I’ve been having a staring contest with an inanimate object in my bedroom that is Elijah’s storage room for three solid hours.

“Trev?”

Just like the last fourteen times my roommate’s tried to speak to me, I let his words go ignored, preferring the company of this teddy bear who knows better than to try and speak to me now.

Brady—or maybe another intern who also had their phone out, for all I know—recorded the whole thing the second Ben’s (or was it my?) hand slipped and hit that stupid switch on his desk that opened the blinds behind us and exposed us to the whole office, much like drawing back the curtains on a goddamned stage.

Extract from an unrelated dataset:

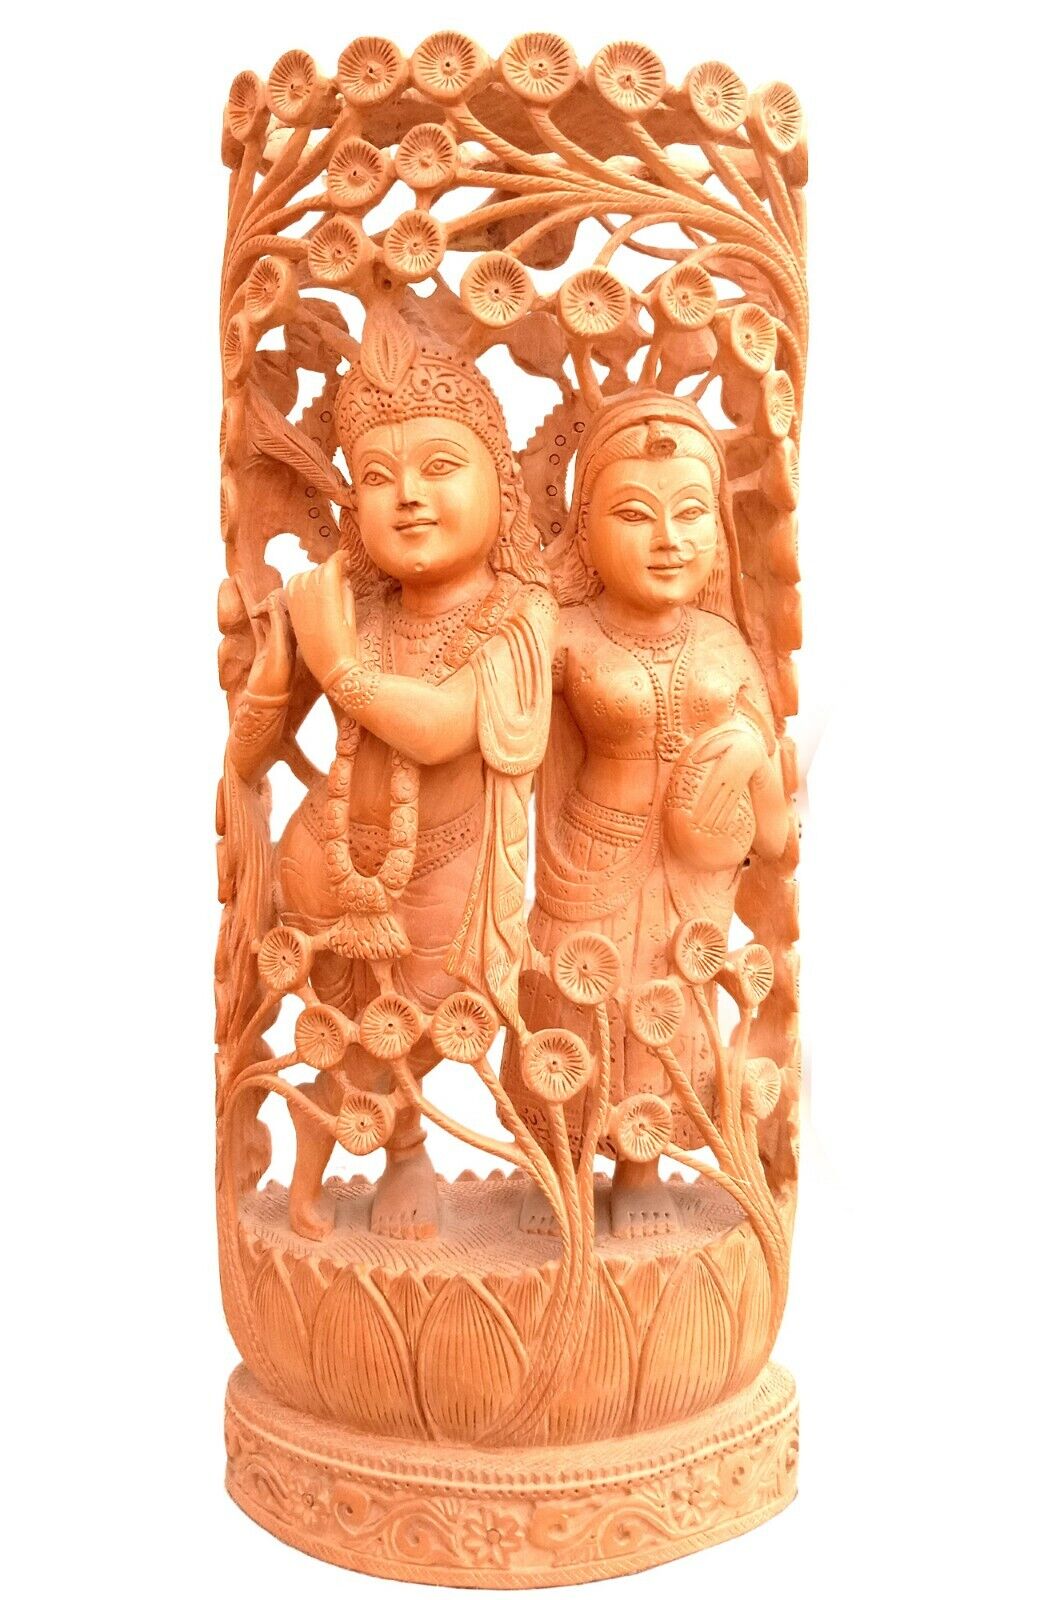 15 Inch Wooden Carved Radha Krishna sculpture Idols statue figurine handmade art
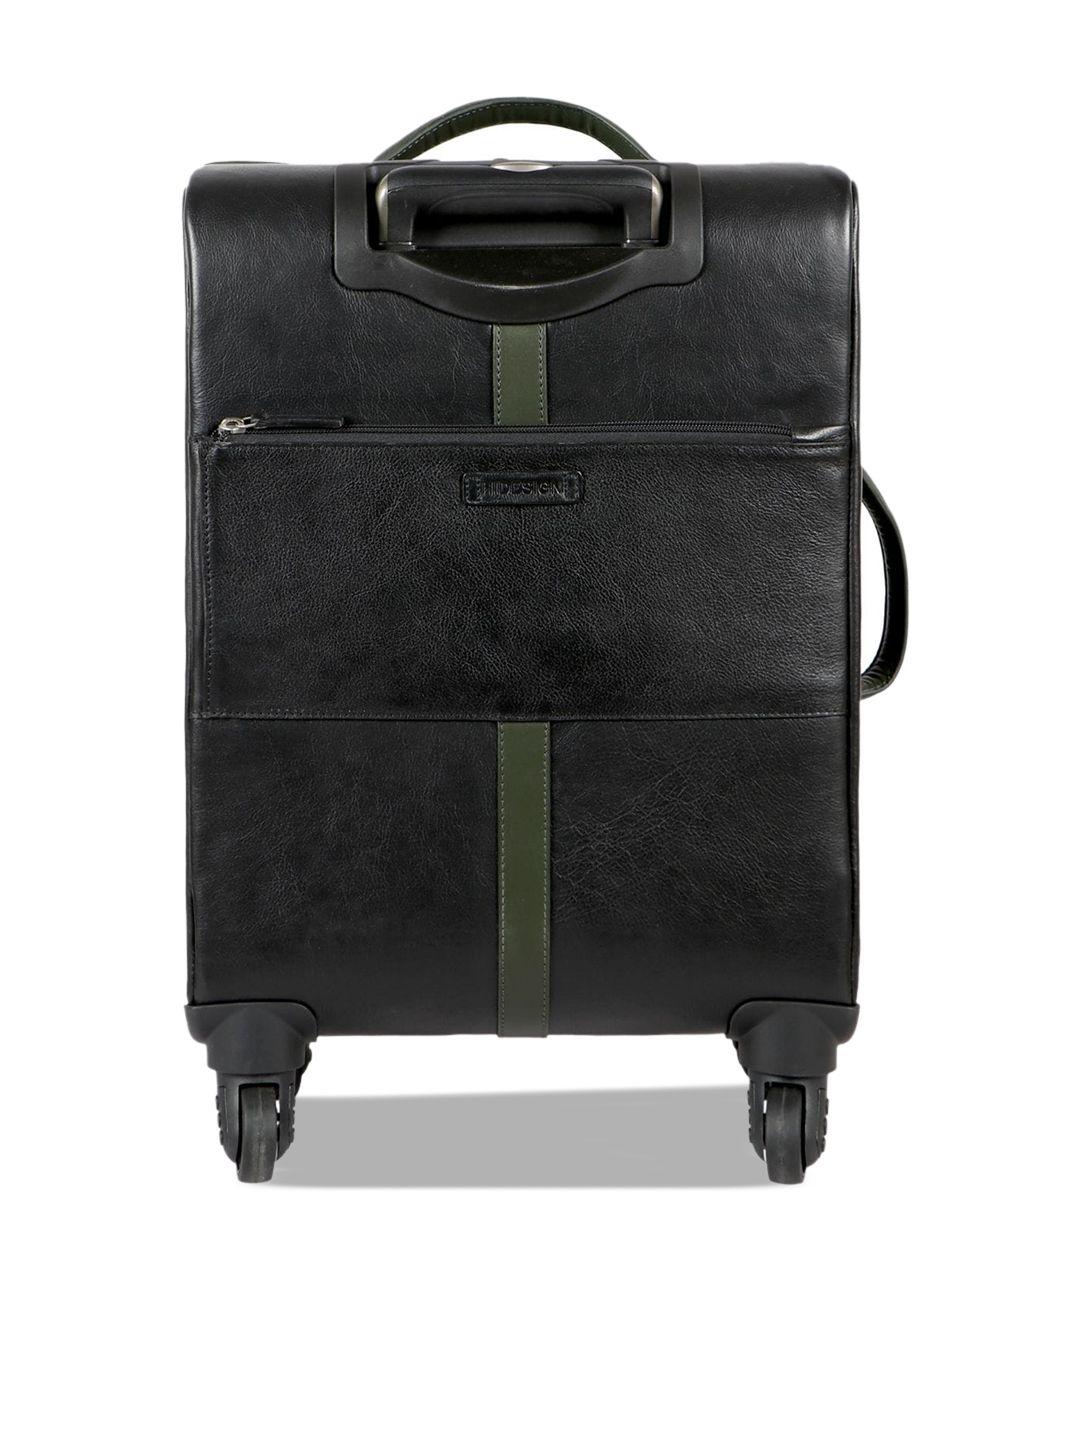 hidesign-black-solid-medium-leather-trolley-suitcase

And there I was, center stage, right in the spotlight before my audience of coworkers, eating out my boss’s ass.

Benjamin Gage’s ass.

The pictures were online within hours. I had already made it home by then, unable to face anyone or anything. Having to cut through that office full of gawkers as I ran out is one of the worst experiences I have ever had to endure.

The amount of humiliation I experienced was paralyzing.

And it hasn’t ended. It chased me all the way home.

And now it’s on the internet. Forever.

Really, I should be able to look back and laugh at this, right? I mean, it’s hilarious. Gut-busting, even. After my best friend Elijah and arch nemesis Brady secretly and not-so-secretly assumed that I was trying to fuck my way to the top, I’m no sooner caught with my boss’s pants down and my face buried nose-deep in ass.

I mean, if they’re going to call me a brownnoser, can we get any more fucking literal than that?

Yes, it turns out we can. On my way home, I tripped over the leg of a homeless man on accident, flew over a surprise stack of newspapers that ambushed me, and landed face-first in a puddle of something brown and greasy that I will spend the rest of the night caring not to identify. When I got home, I had more than a brown nose. I had a ruined pink shirt, a soiled black tie, and a nightmare of nastiness across my face.